* **Problem details**:
Exact reproduction of all the data is required, with pictures excluded.

* **Information supplied**:
________________________________________
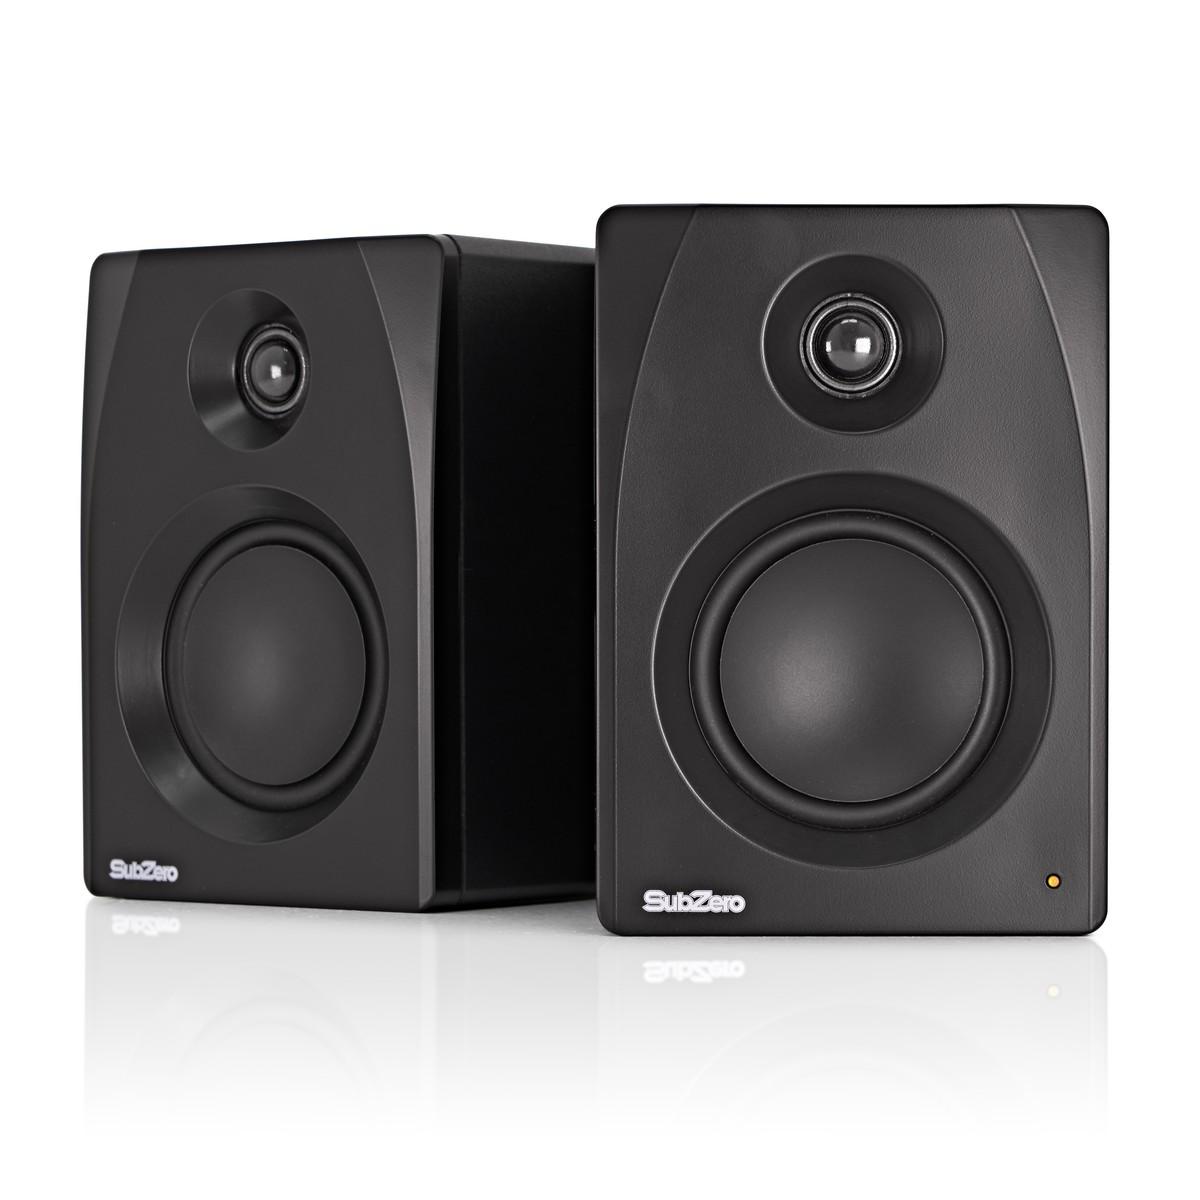 subzero szsm 4x studio monitors pair b stock at gear4music. Black Bedroom Furniture Sets. Home Design Ideas
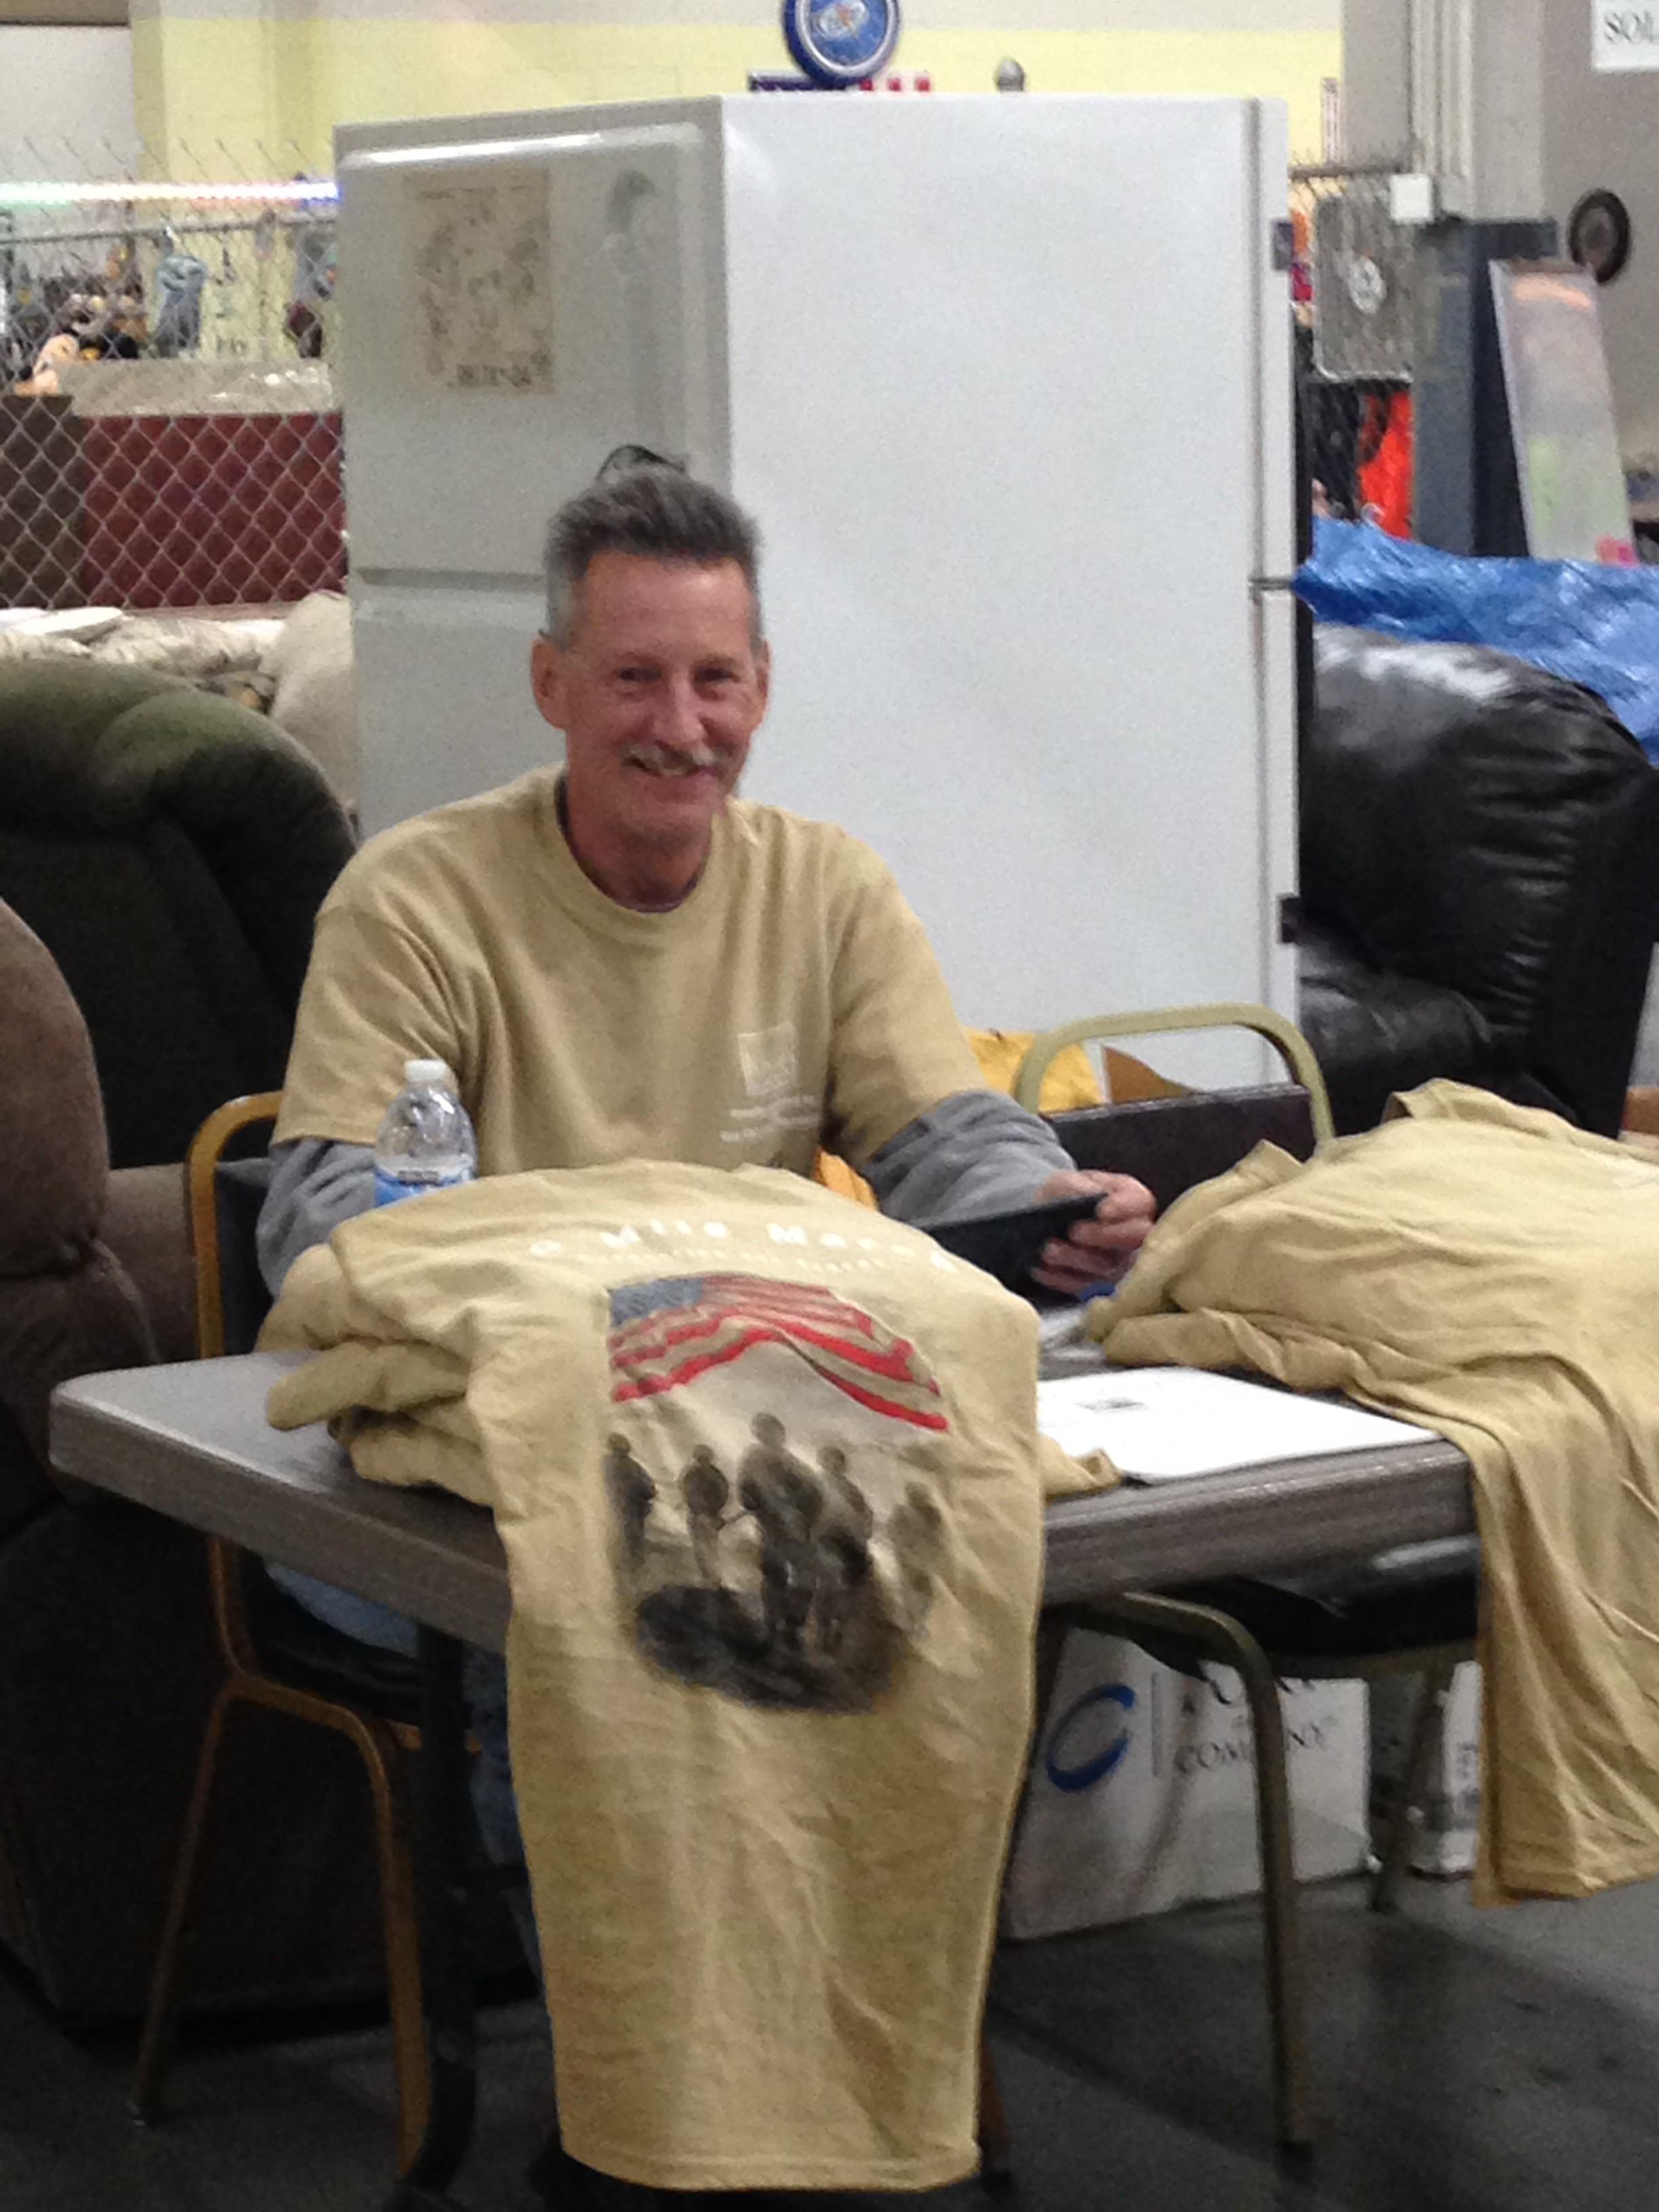 IMG_7476 - selling shirts
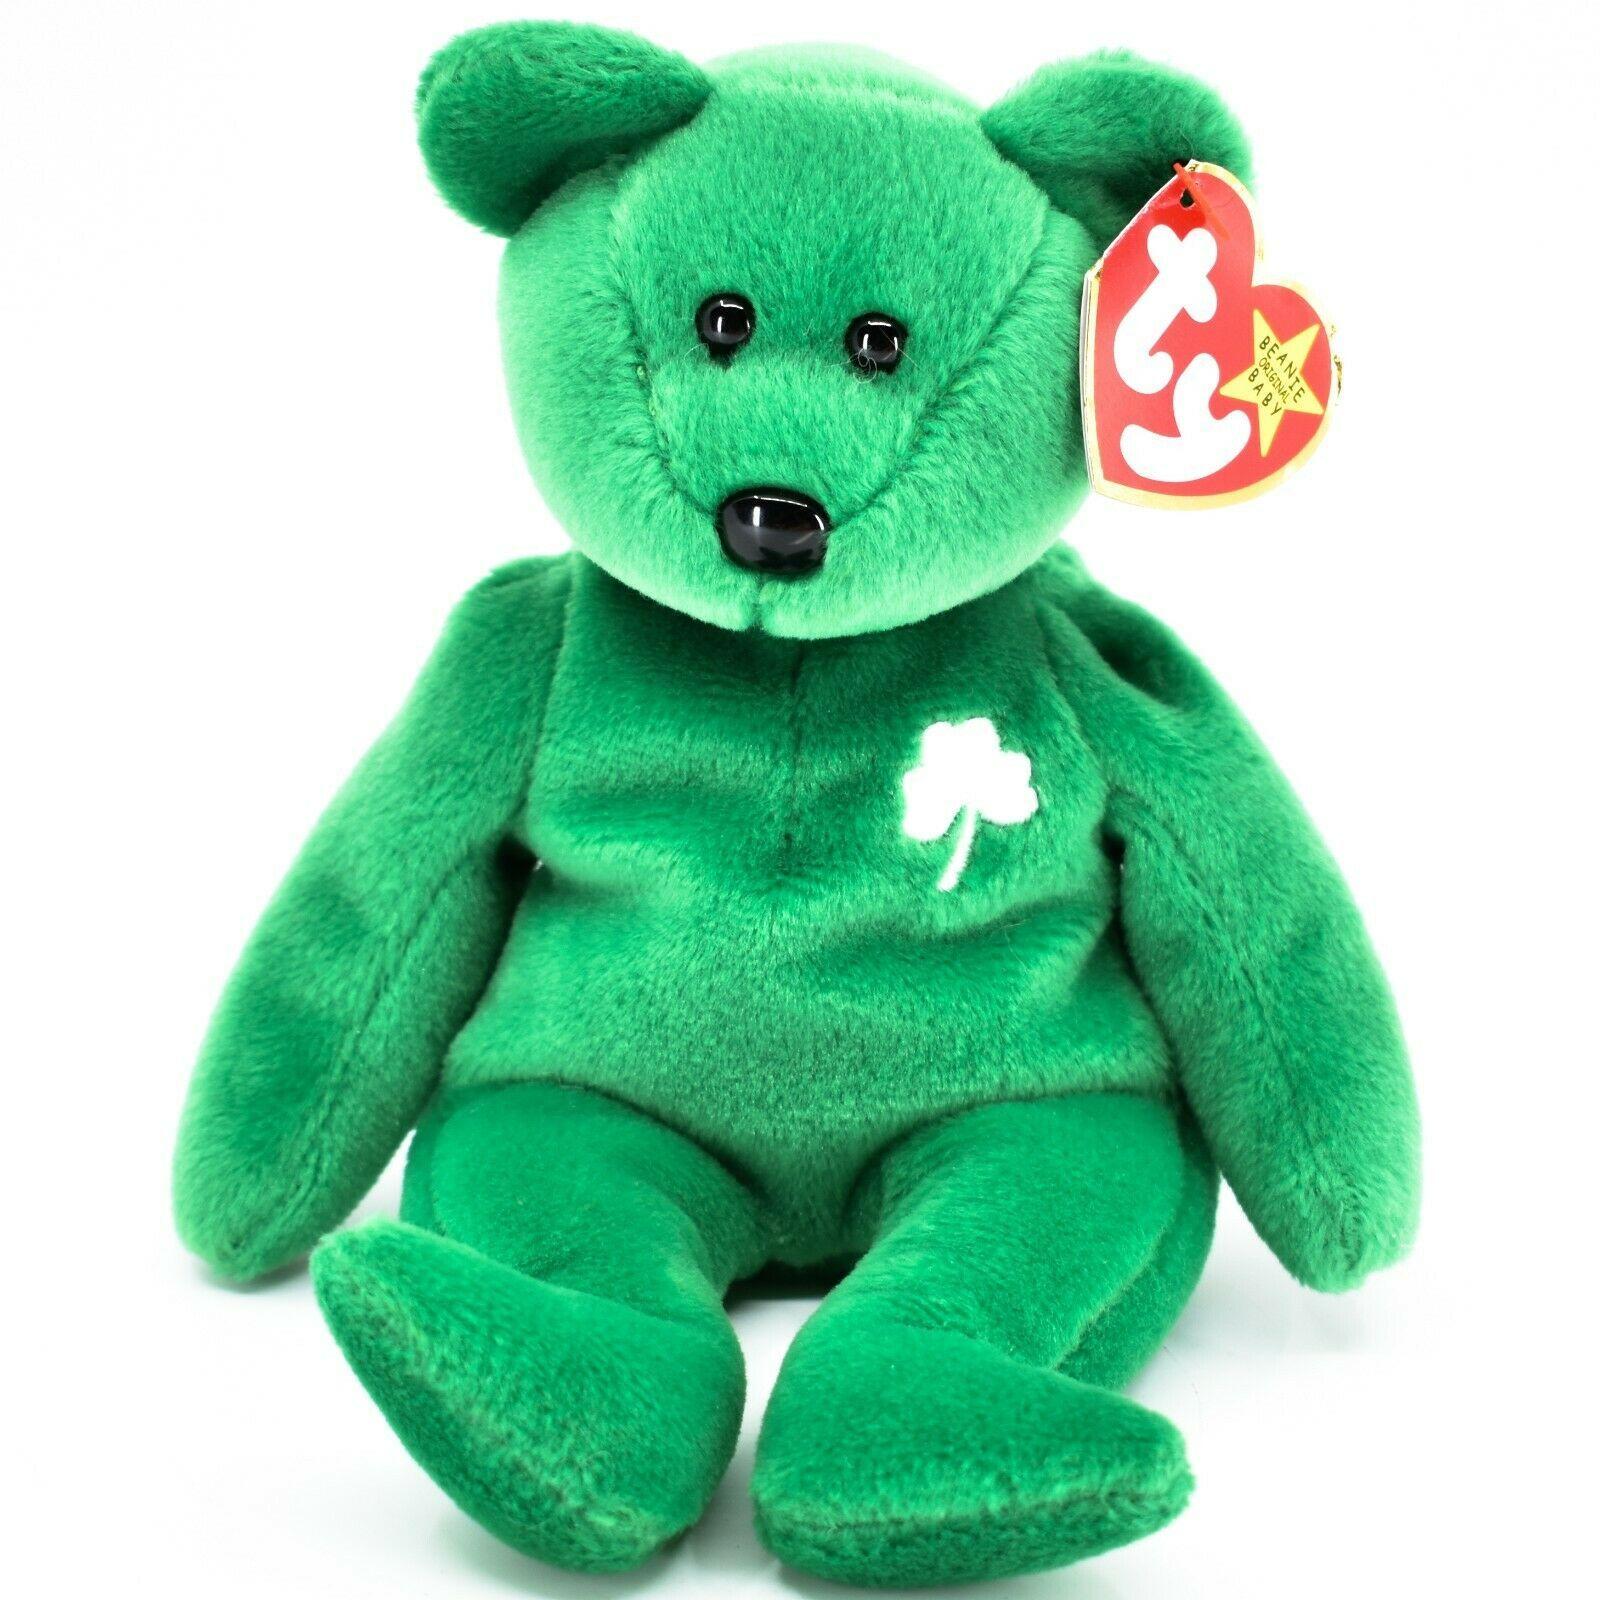 1997 Ty Beanie Baby Original Erin Lucky Shamrock Teddy Bear Beanbag Plush Toy
________________________________________
* **Reply to the exercise**:
 subzero szsm 4x studio monitors pair b stock at gear4music. Black Bedroom Furniture Sets. Home Design Ideas
 IMG_7476 - selling shirts
 1997 Ty Beanie Baby Original Erin Lucky Shamrock Teddy Bear Beanbag Plush Toy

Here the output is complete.